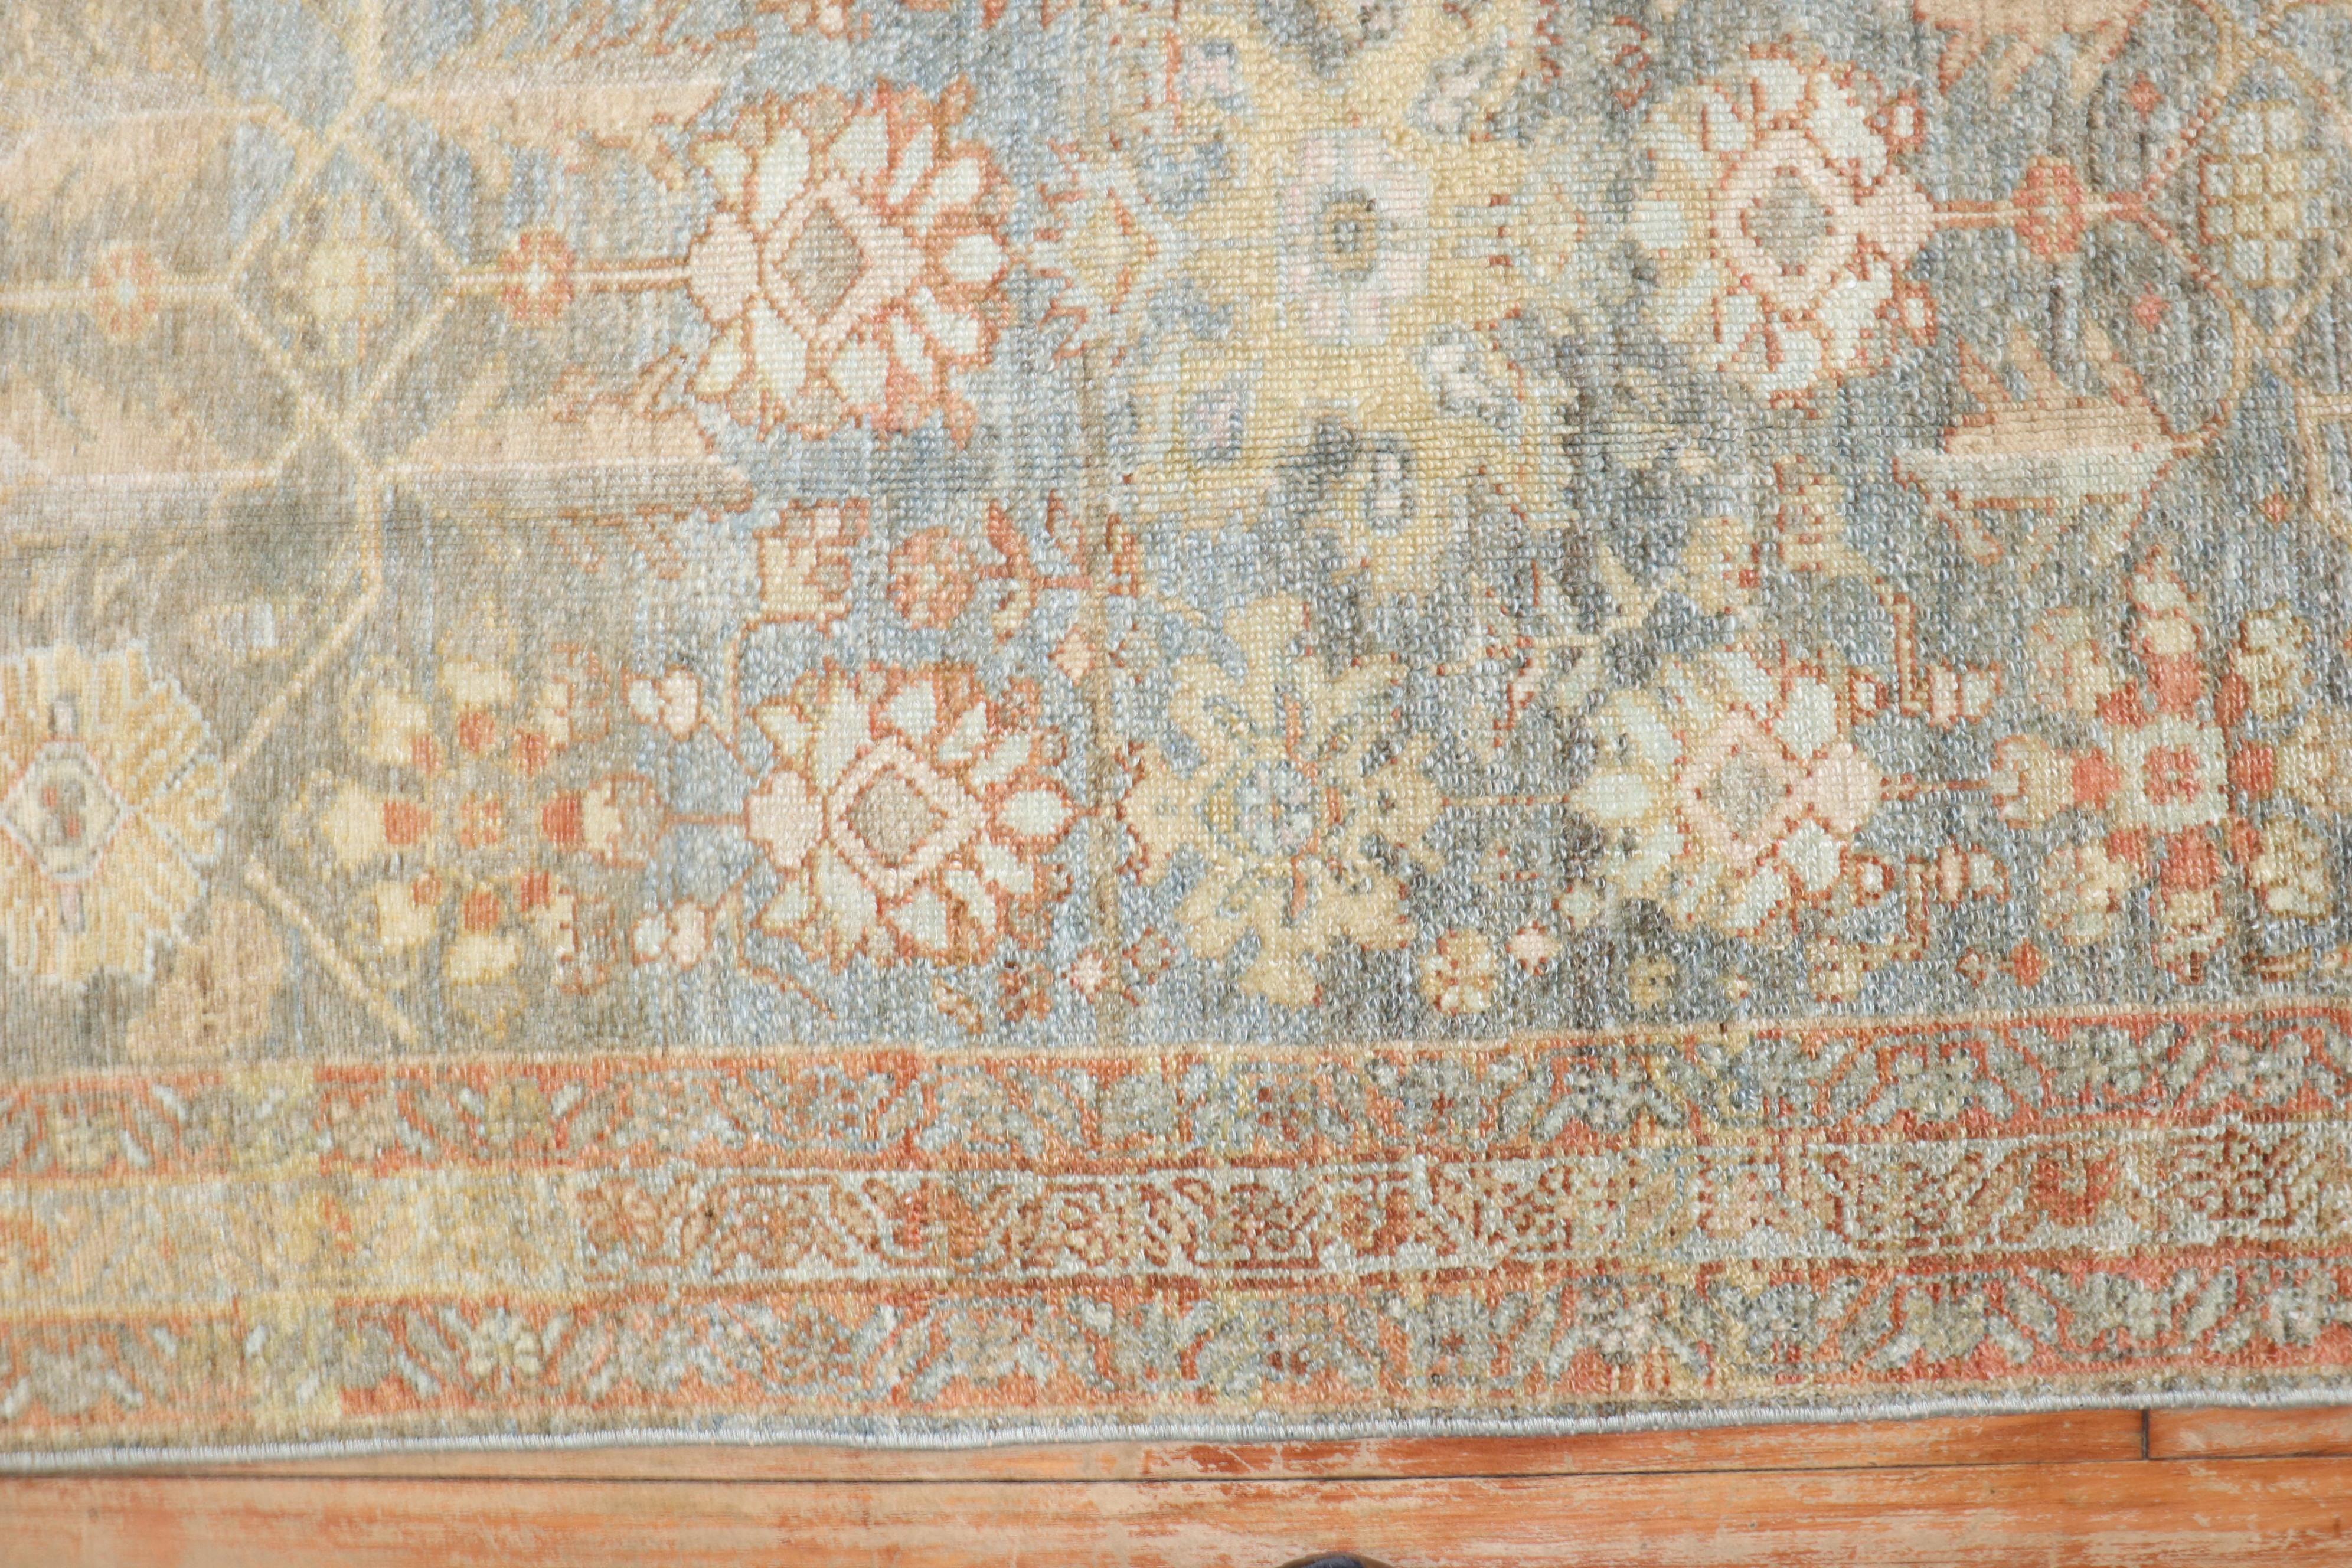 Persischer Malayer-Teppich aus dem frühen 20. Jahrhundert in verwaschenen, neutralen Tönen

Maße: 2'10
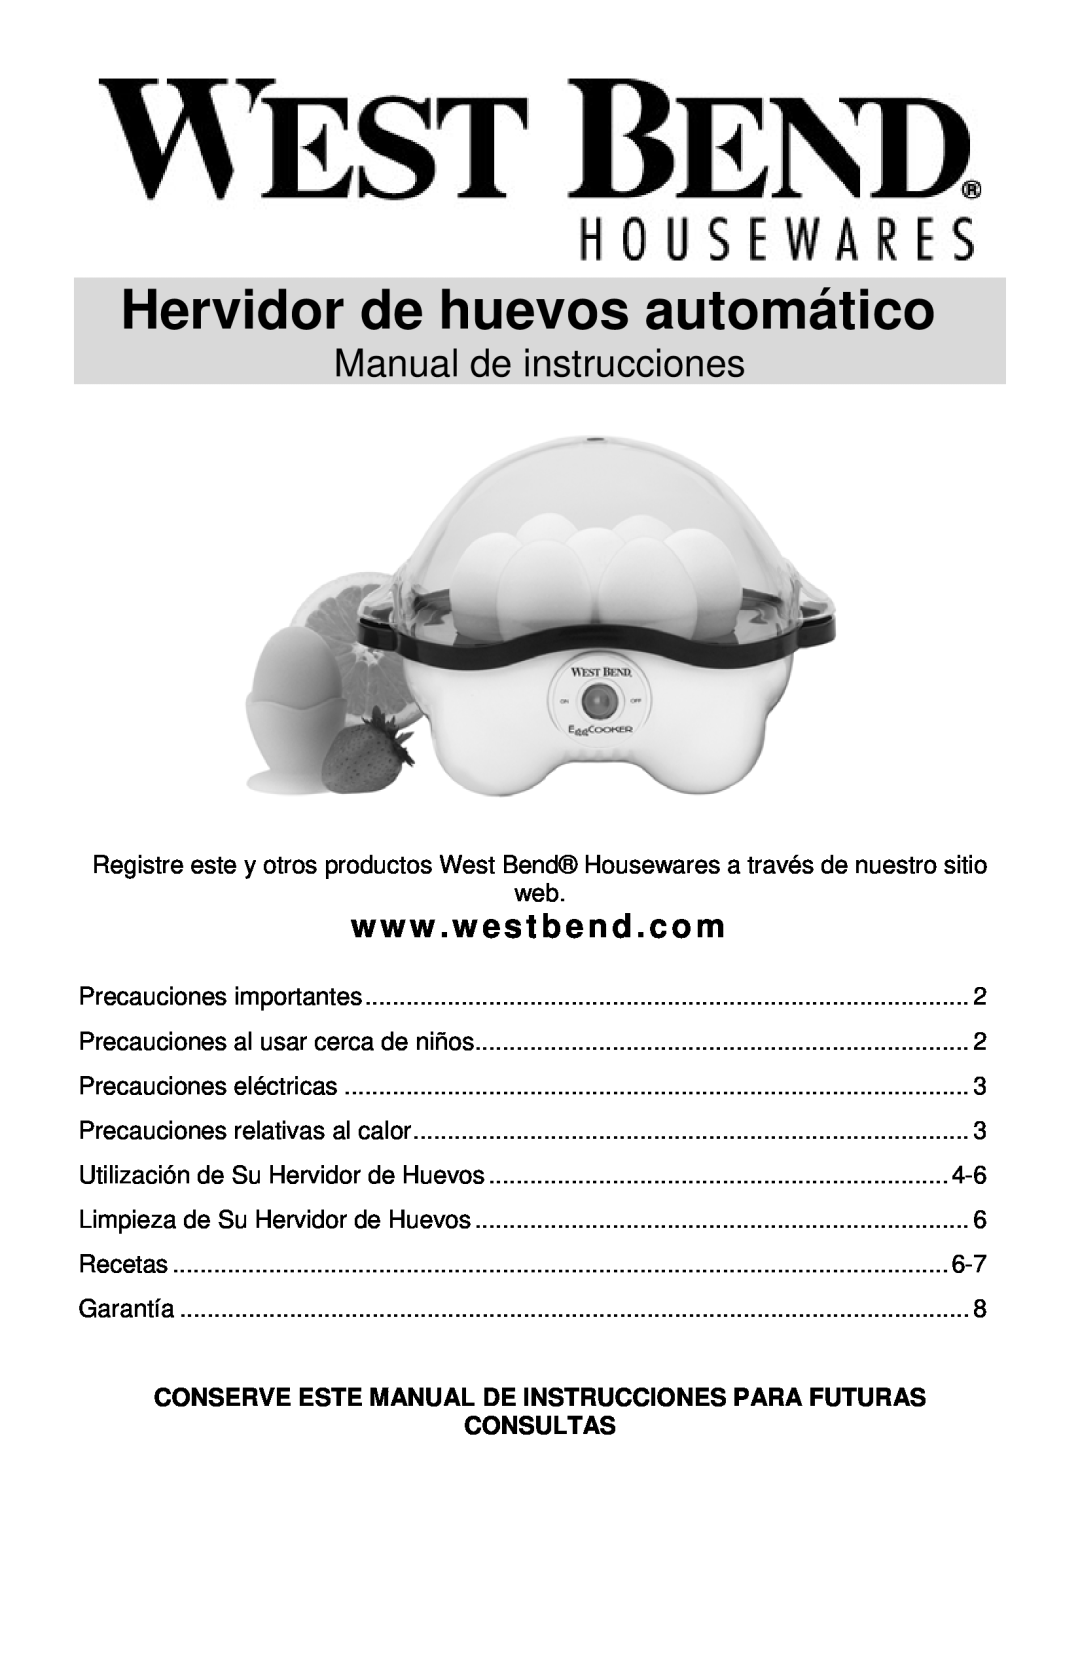 West Bend Automatic Egg Cooker Hervidor de huevos automático, Manual de instrucciones, Consultas, www . westbend . com 
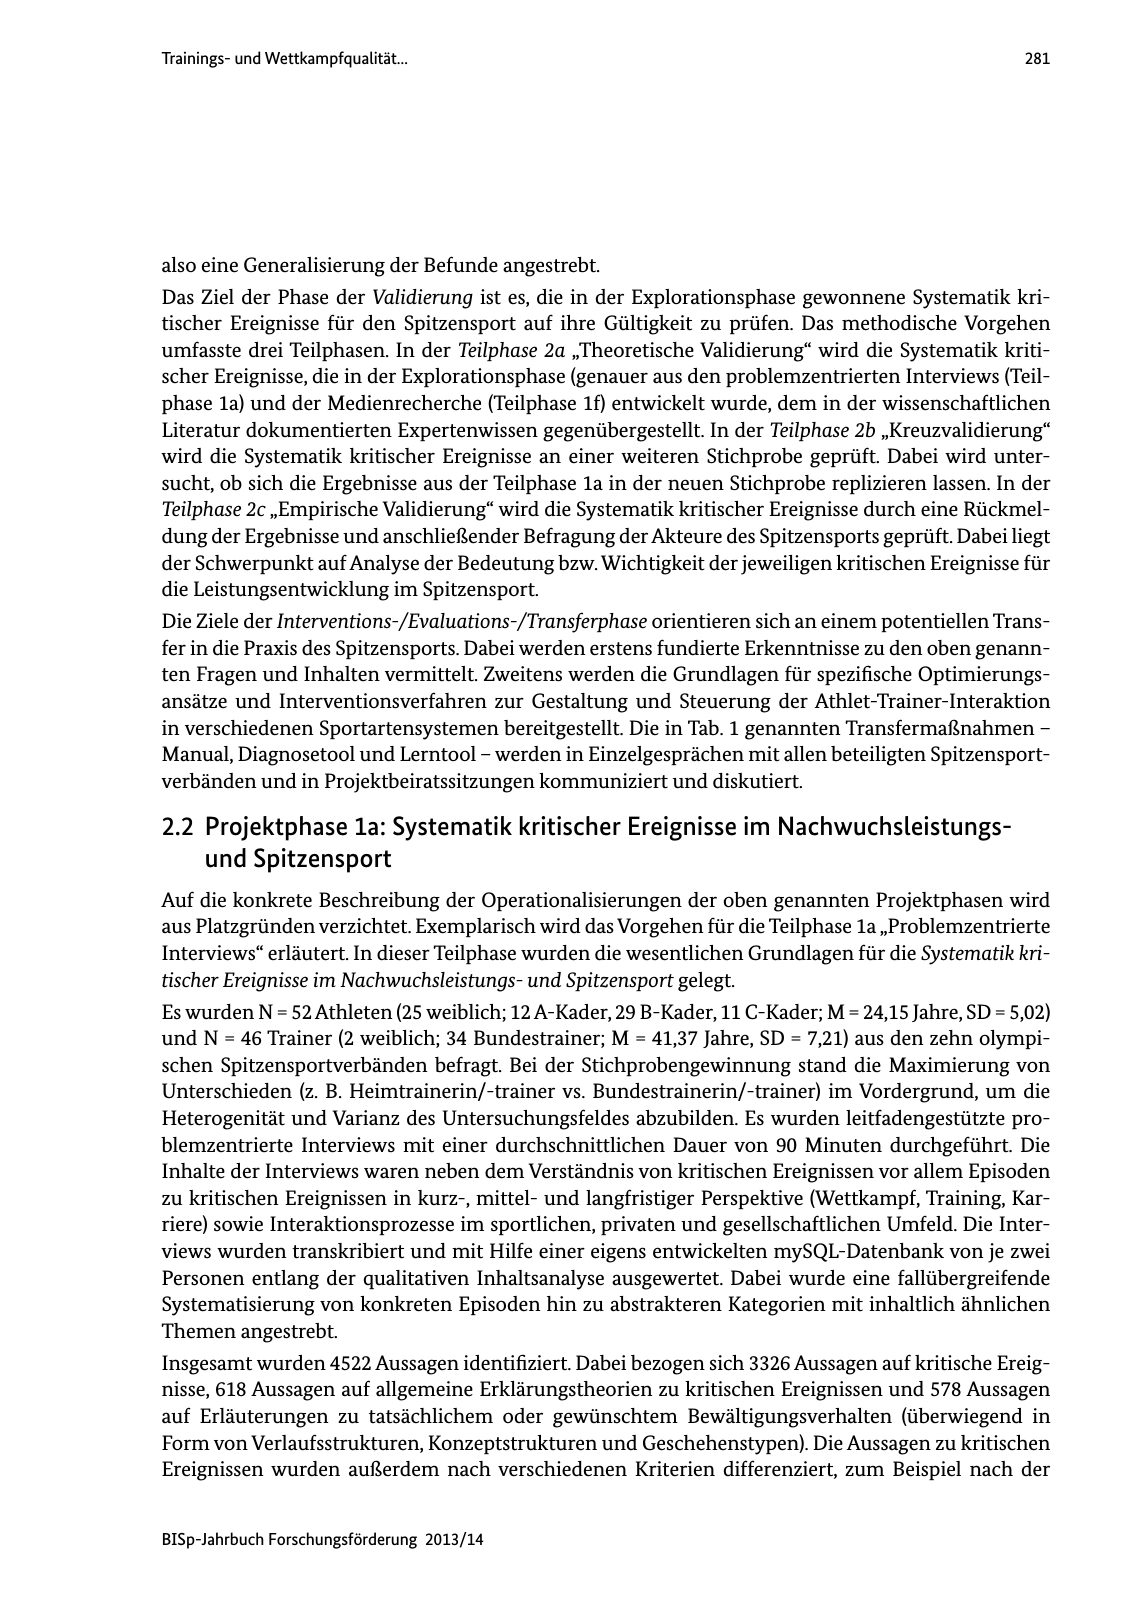 Vorschau BISp-Jahrbuch Forschungsförderung 2013/14 Seite 282
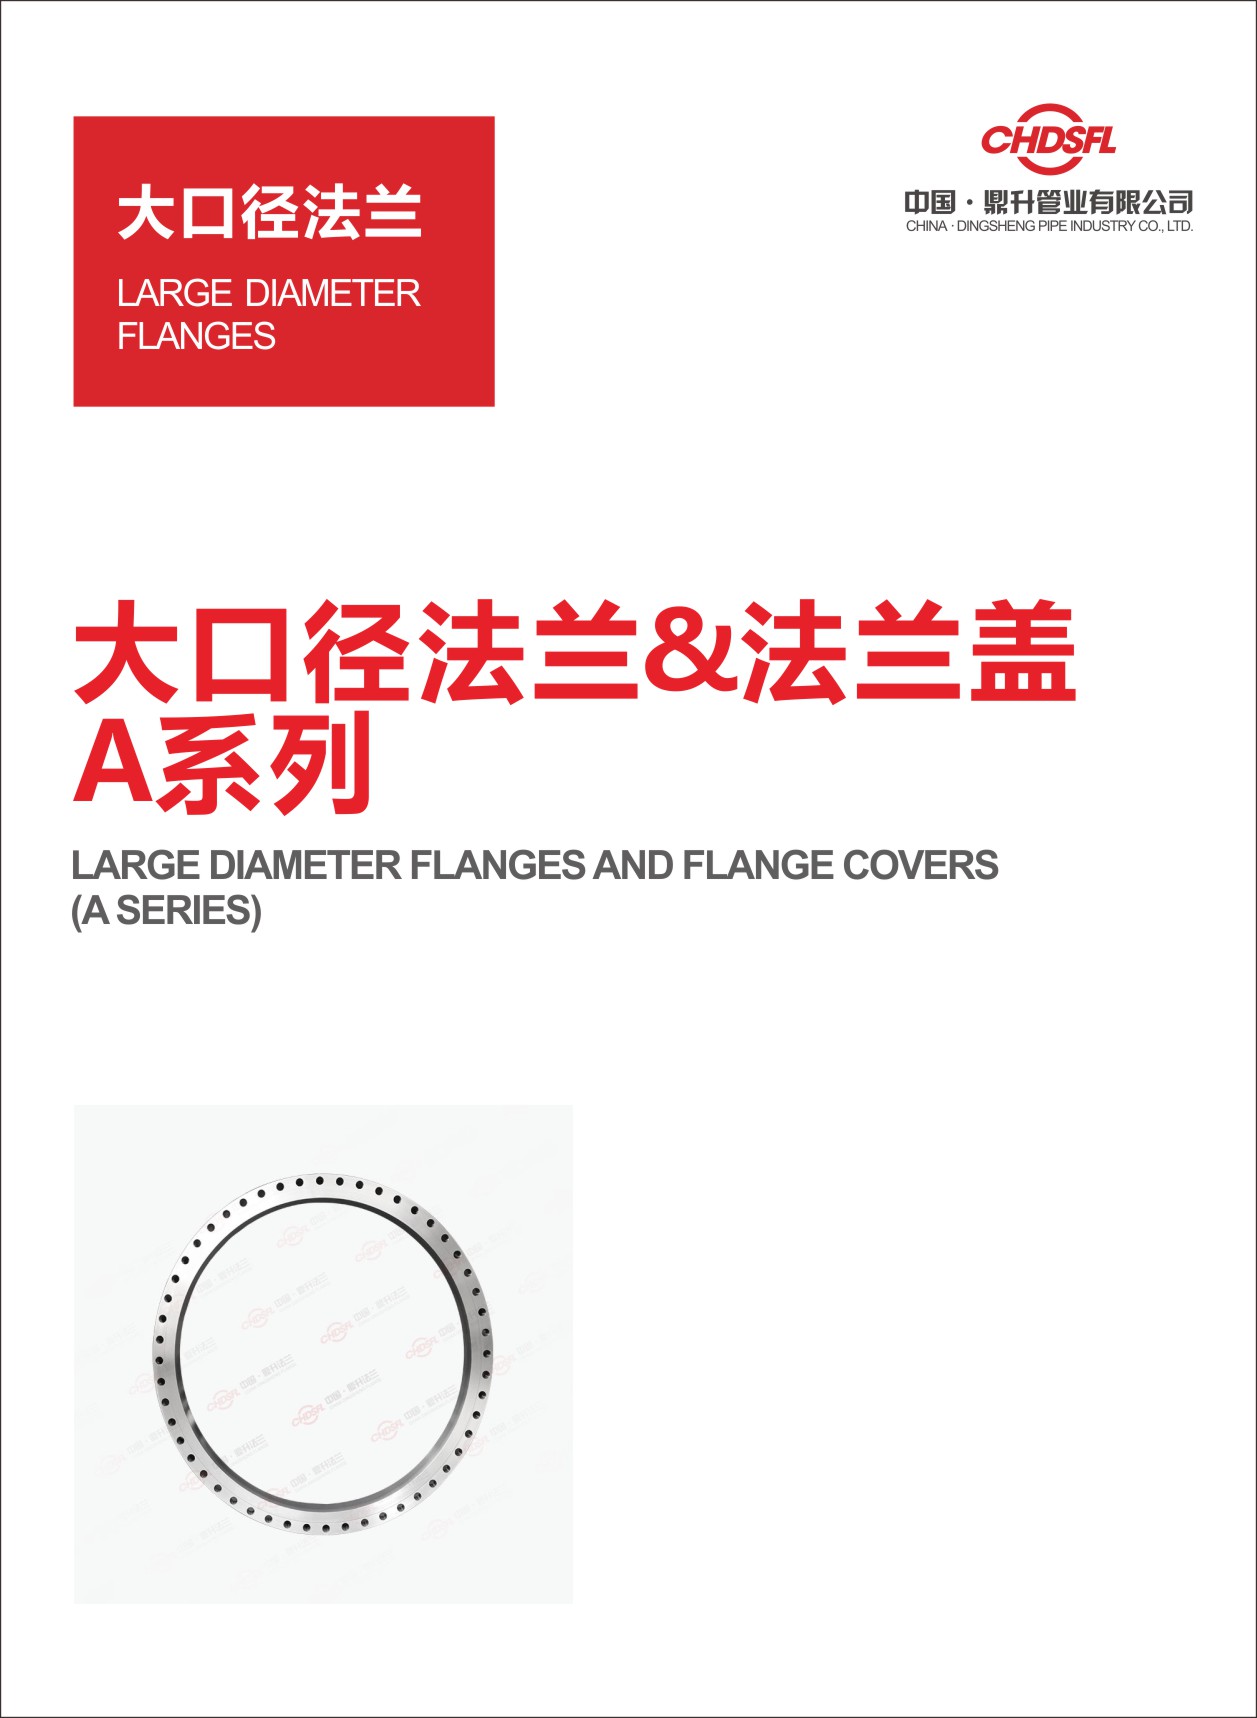 Large Diameter Flange & Blind Flange A-Series

▸ Action item:
Would you repeat the listing above exactly, minus the images?

▸ Solution to the problem:
 Persischer Malayer-Teppich aus dem frühen 20. Jahrhundert in verwaschenen, neutralen Tönen

Maße: 2'10
 West Bend Automatic Egg Cooker Hervidor de huevos automático, Manual de instrucciones, Consultas, www . westbend . com 
 Vorschau BISp-Jahrbuch Forschungsförderung 2013/14 Seite 282
 Large Diameter Flange & Blind Flange A-Series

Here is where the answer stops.